The next code cell uses the data to create a tracker, with one marker for each state.  You can click on the markers to see the percentage of the population that has been vaccinated.

Import US States boundaries

In [None]:
states_full = gpd.read_file('../input/us-states-cartographic-boundary-shapefiles/cb_2016_us_state_500k.shp')
#states = states_full[["NAME", "geometry"]].set_index("NAME")
states = states_full[['geometry','NAME']]
states.head()

In [None]:
# Create the map
v_map = folium.Map(location=[42.32,-71.0589], tiles='cartodbpositron', zoom_start=4) 

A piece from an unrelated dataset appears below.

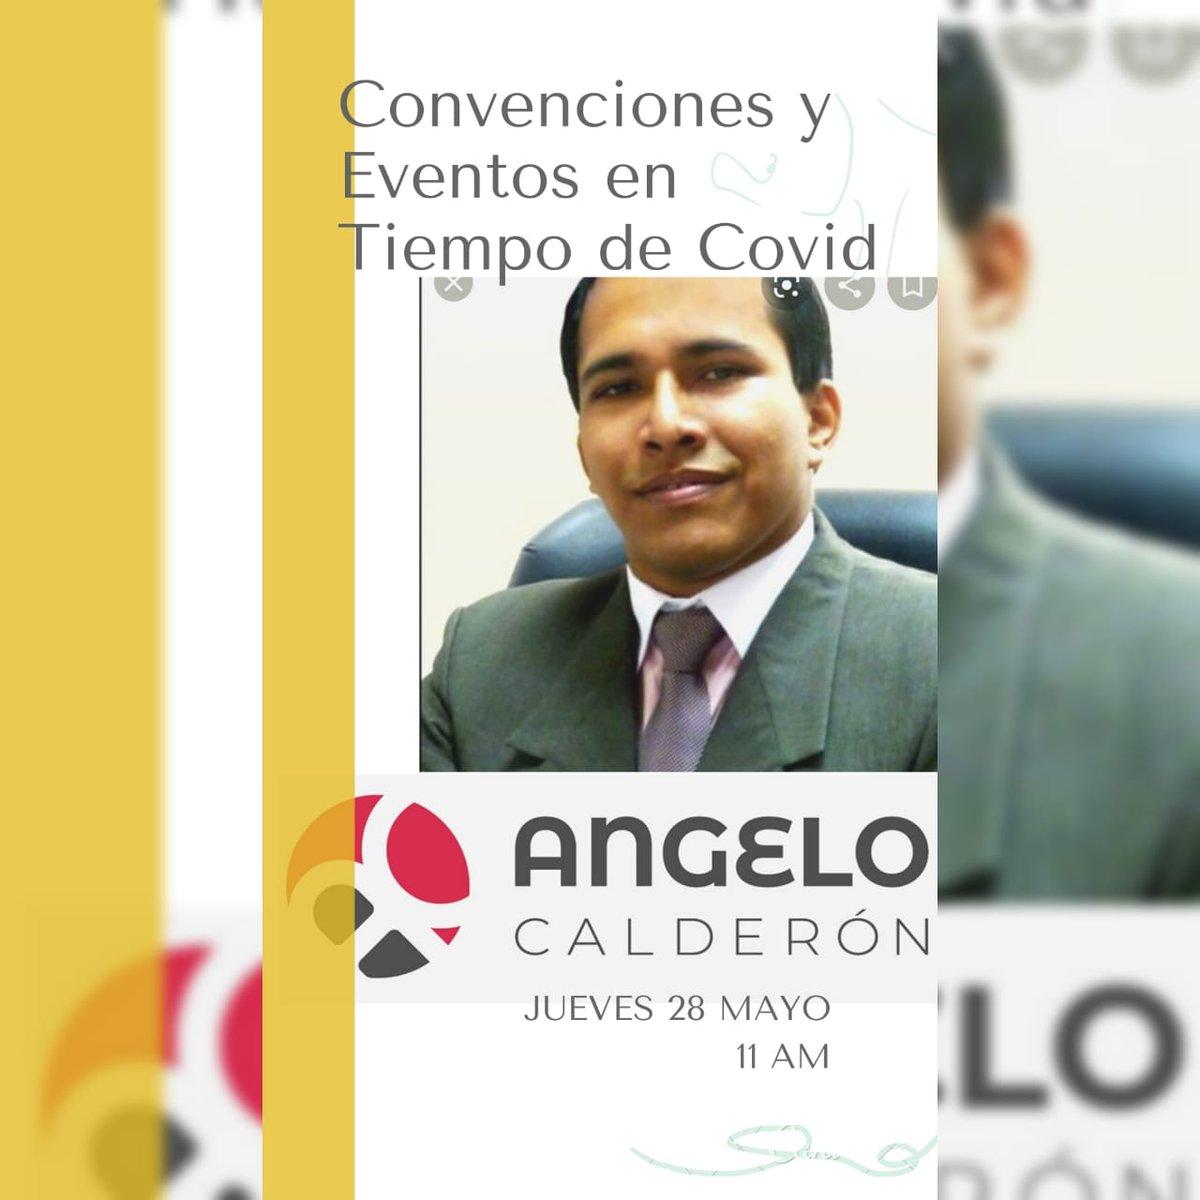 Gracias Jorge por la invitación. Mírala el jueves 28 de mayo por facebook Jorge Montiel Alvarez a las 11h00.    #Turismodereuniones #eventos #congresos #convenciones #bioseguridadpic.twitter.com/cAlnAmZ3pE

vaccinationAndPopulationByLocation.groupby(by='STATE')[["STATE", "percent_vaccinated", 'people_vaccinated']].median().head()

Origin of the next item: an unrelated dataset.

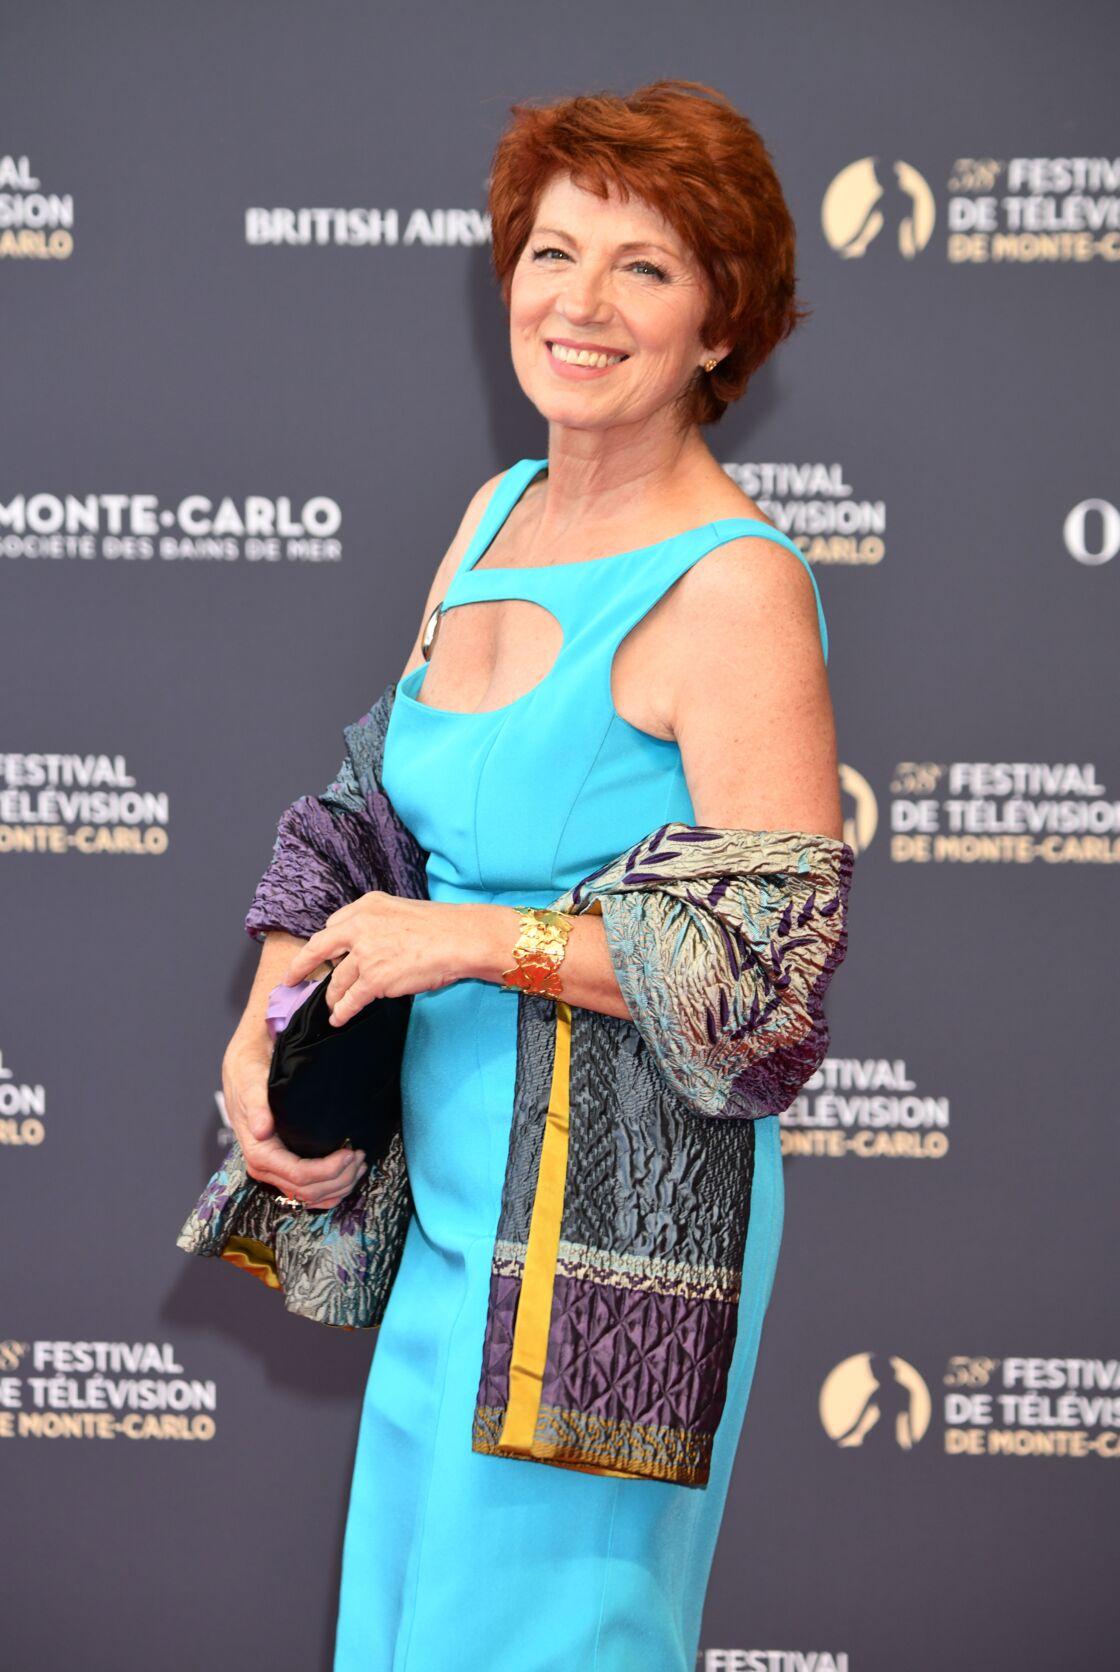 Véronique Genest à l'ouverture du 58e festival de télévision de Monte Carlo, à Monaco, le 15 juin 2018.

states["per_vac"] = states.merge(
    vaccinationAndPopulationByLocation.groupby(by='STATE')[["STATE", "percent_vaccinated"]].median(),
    how="left",
    left_on="NAME",
    right_on="STATE",
)["percent_vaccinated"]

states["peo_vac"] = states.merge(
    vaccinationAndPopulationByLocation.groupby(by='STATE')[["STATE", "people_vaccinated"]].median(),
    how="left",
    left_on="NAME",
    right_on="STATE",
)["people_vaccinated"]

states['per_vac100']=states['per_vac']*100

states.head()

In [None]:
import branca


colormap = branca.colormap.LinearColormap(
    vmin=states["per_vac100"].quantile(0.0),
    vmax=states["per_vac100"].quantile(1),
    colors=["red", "orange", "lightblue", "green", "darkgreen"],
    caption="Percentage of vaccinated people",
)

In [None]:
from folium.features import GeoJsonPopup, GeoJsonTooltip


m = folium.Map(location=[35.3, -97.6], zoom_start=4)

tooltip = GeoJsonTooltip(
    fields=["NAME", "per_vac100", 'peo_vac'],
    aliases=["State:", "Vaccinated in %:", 'Total vaccinated:'],
    localize=True,
    sticky=False,
    labels=True,
    style="""
        background-color: #F0EFEF;
        border: 2px solid black;
        border-radius: 3px;
        box-shadow: 3px;
    """,
    max_width=800,
)


g = folium.GeoJson(
    states,
    style_function=lambda x: {
        "fillColor": colormap(x["properties"]["per_vac100"])
        if x["properties"]["per_vac100"] is not None
        else "transparent",
        "color": "black",
        "fillOpacity": 0.4,
    },
    tooltip=tooltip,
).add_to(m)

colormap.add_to(m)

m

# Your turn

Here are some ideas for how you might improve on the work here:
- In Kaggle's [Geospatial Analysis course](https://www.kaggle.com/learn/geospatial-analysis), you learn how to use folium to create many different types of interactive maps.  How might you use this data to instead create a choropleth map?
- In case you would like to work with more data sources,
  - The Centers for Disease Control and Prevention (CDC) in the US releases daily vaccine data and has a vaccination progress tracker on its [COVID Data Tracker site](https://covid.cdc.gov/covid-data-tracker/#vaccinations).
  - NBC News has a [vaccine tracker](https://www.nbcnews.com/health/health-news/map-covid-19-vaccination-tracker-across-u-s-n1252085) as well which is quite well done.
  
Once you have created your own extension of this work, let us know about it in the comments!